Letters to the Editor
Letters to the Editor
Letters to the editor are a great way to focus attention on the need for Prop. 13 reform. Getting LTEs published shows the public that this reform will generate over $10 billion each year for schools and public services without raising taxes on homeowners or renters. Below is the list of LTEs that have been published in support of making large corporations pay their fair share.
For tips on how to write and submit your own letter, check out our LTE Campaign Action Center!
The idea that Prop. 13 was meant to protect seniors is propaganda
I disagree strongly with the letter writer who stated that Proposition 13 was designed to help seniors who, before 1978, could not afford the escalating property tax bills. That was the propaganda.
In reality, Proposition 13 helps mostly businesses with huge, valuable locations pay a small property tax. As a senior, I purchased my condominium after 1978 and pay more than many homeowners with twice the space in Beverly Hills.
What was really harmed was our state budget, with less money available for education and infrastructure. This is still the case, as we now have tax inequality, classes with 38 students, worn-out schools with no librarians or counselors, poor roadways, and power lines inferior to those that are now underground in several European countries.
Proposition 13's gift to commercial property owners
Columnist Conor Friedersdorf touched on the topic of commercial parcels but quickly switched subjects in his Proposition 13 tax revolt discussion. He didn’t dare reveal the hidden Prop. 13 provision that allows commercial/industrial property to avoid assessment when the property is sold.

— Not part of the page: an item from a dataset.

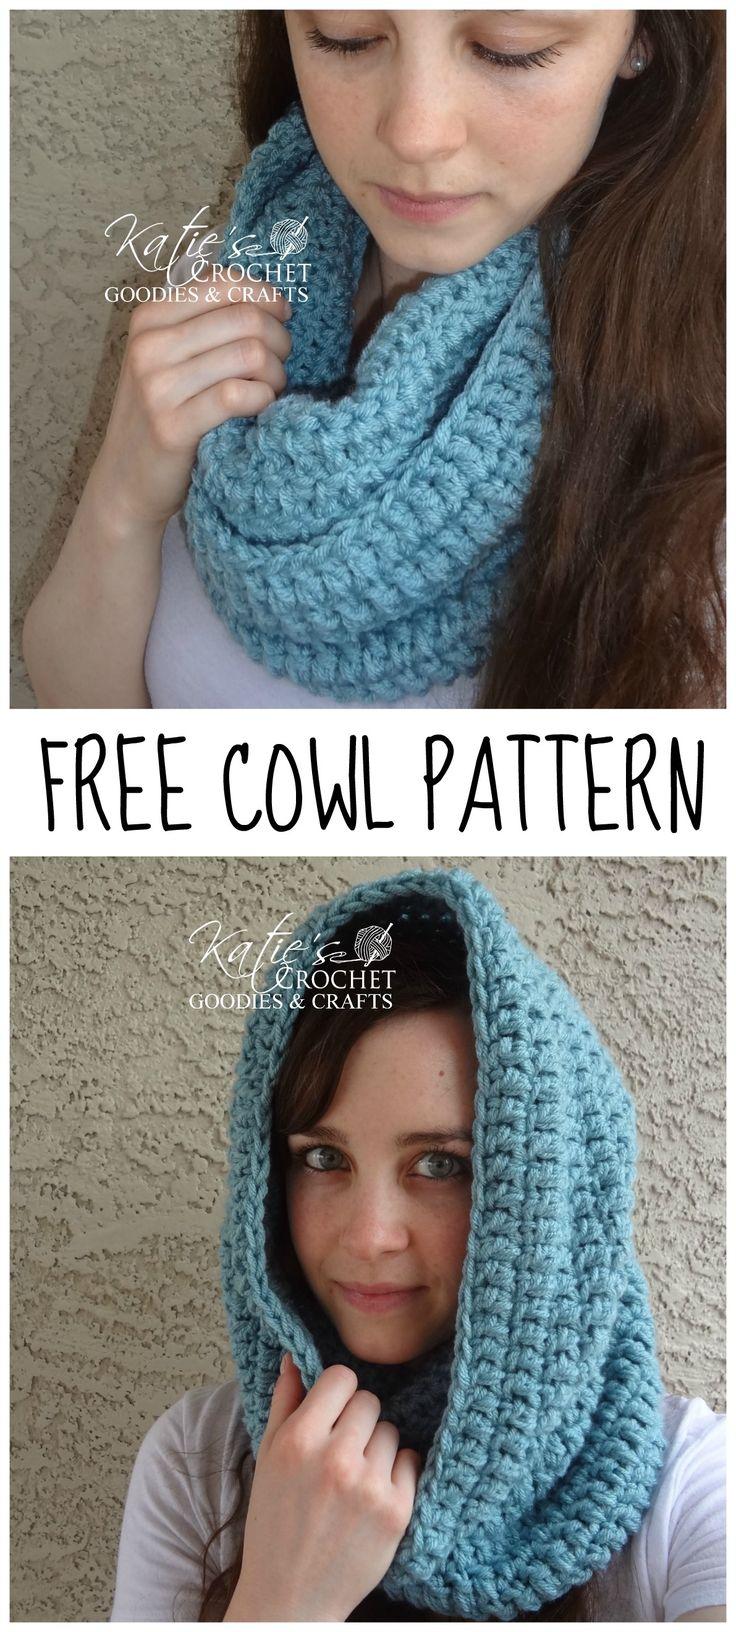 Free Easy Crochet Cowl Pattern by Katie's Crochet Goodies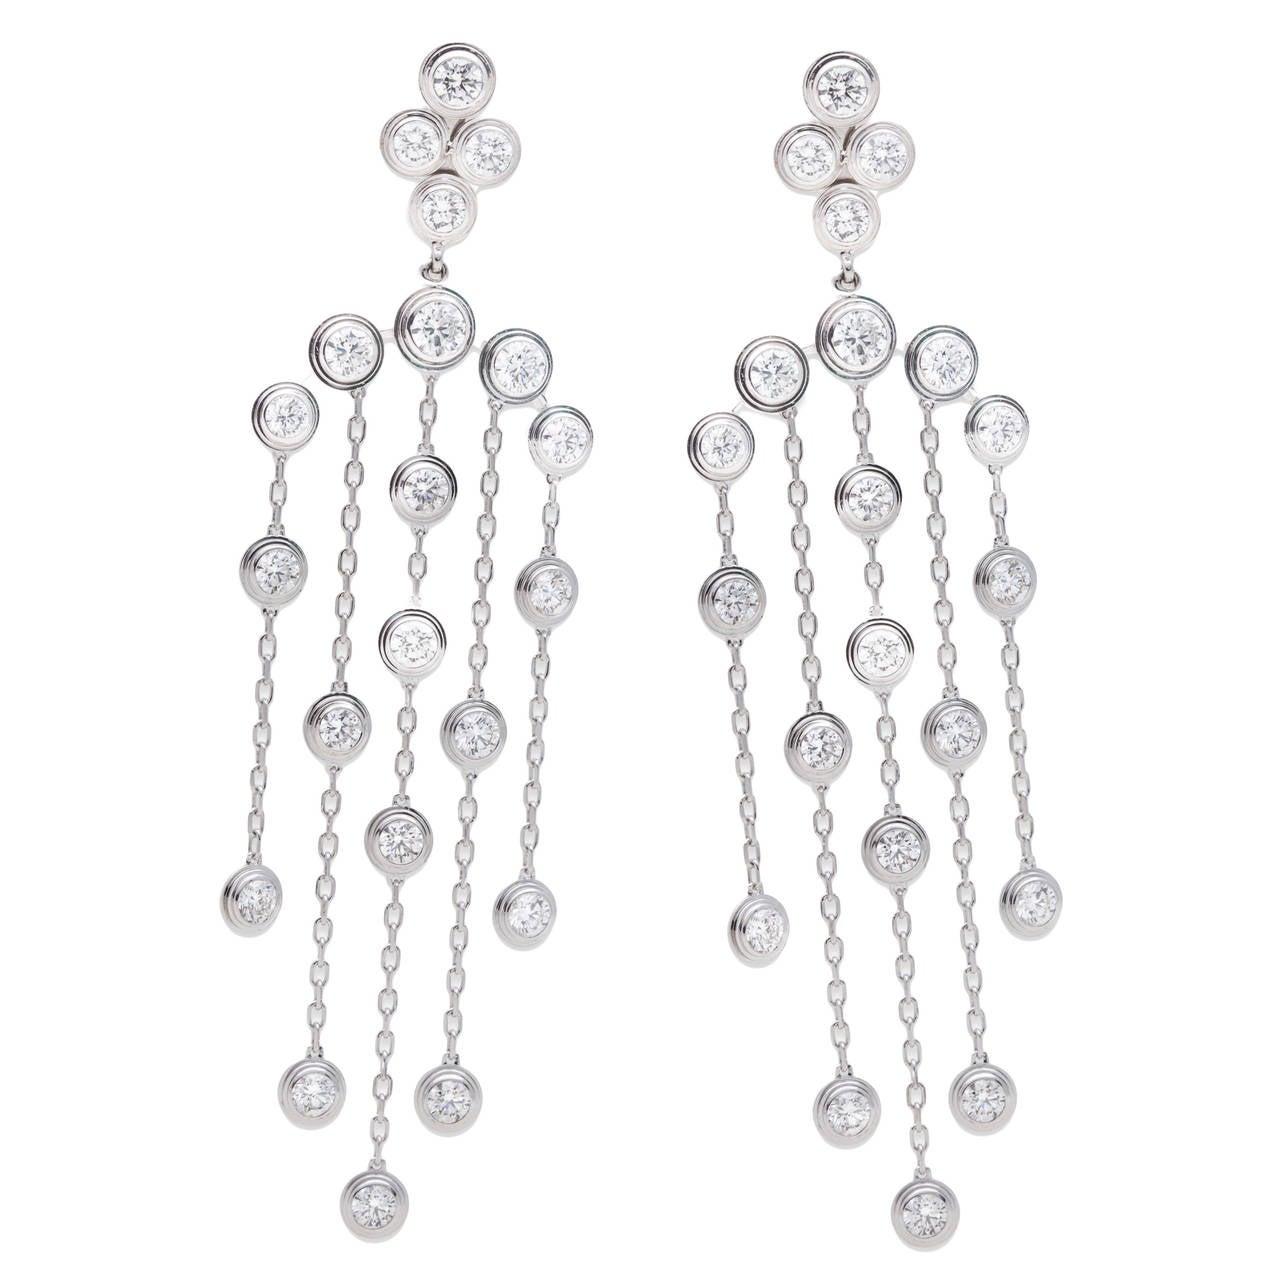 Cartier Diamants Legers De Cartier Earrings

A Prop.13 loophole stipulated that if less than half of the property value is sold to a new owner, the transaction will not trigger (avoids) a property tax reassessment. Ergo, ownership of most commercial/industrial holdings are divided between three or more investors. They always limit sales to less than half of the ownership, avoiding property tax increases year after year for decades.
That ploy shifted the property tax burden to residential property. Before, Prop.13 residential owners bore about 55% of the total property tax burden Today, they bear more than 70% while commercial property owners share less than 30%
It’s high time for those commercial/industrial properties to be reassessed to current market value and the fractional exemption should be eliminated.
Invest in schools again
Regarding “Teacher protests put GOP on the spot in red states” (Nation, April 5): Increasing education funding is essential to teachers and schools. It is great to see so many teacher protests across red states like Oklahoma, Kentucky and Arizona because of poor public education funding. However, let us not forget that poor education funding is not limited just to Republican states. Most people don’t know that California — one of the most Democratic states in the nation — is actually on par with several of these red states in education funding. We are consistently ranked within the bottom 10 states even though California used to lead the nation in education funding during the 1960s. Now is the time to finally tackle the root of California’s education problem: Proposition 13. Reforming Prop. 13 is the best thing we can do to invest in our schools again.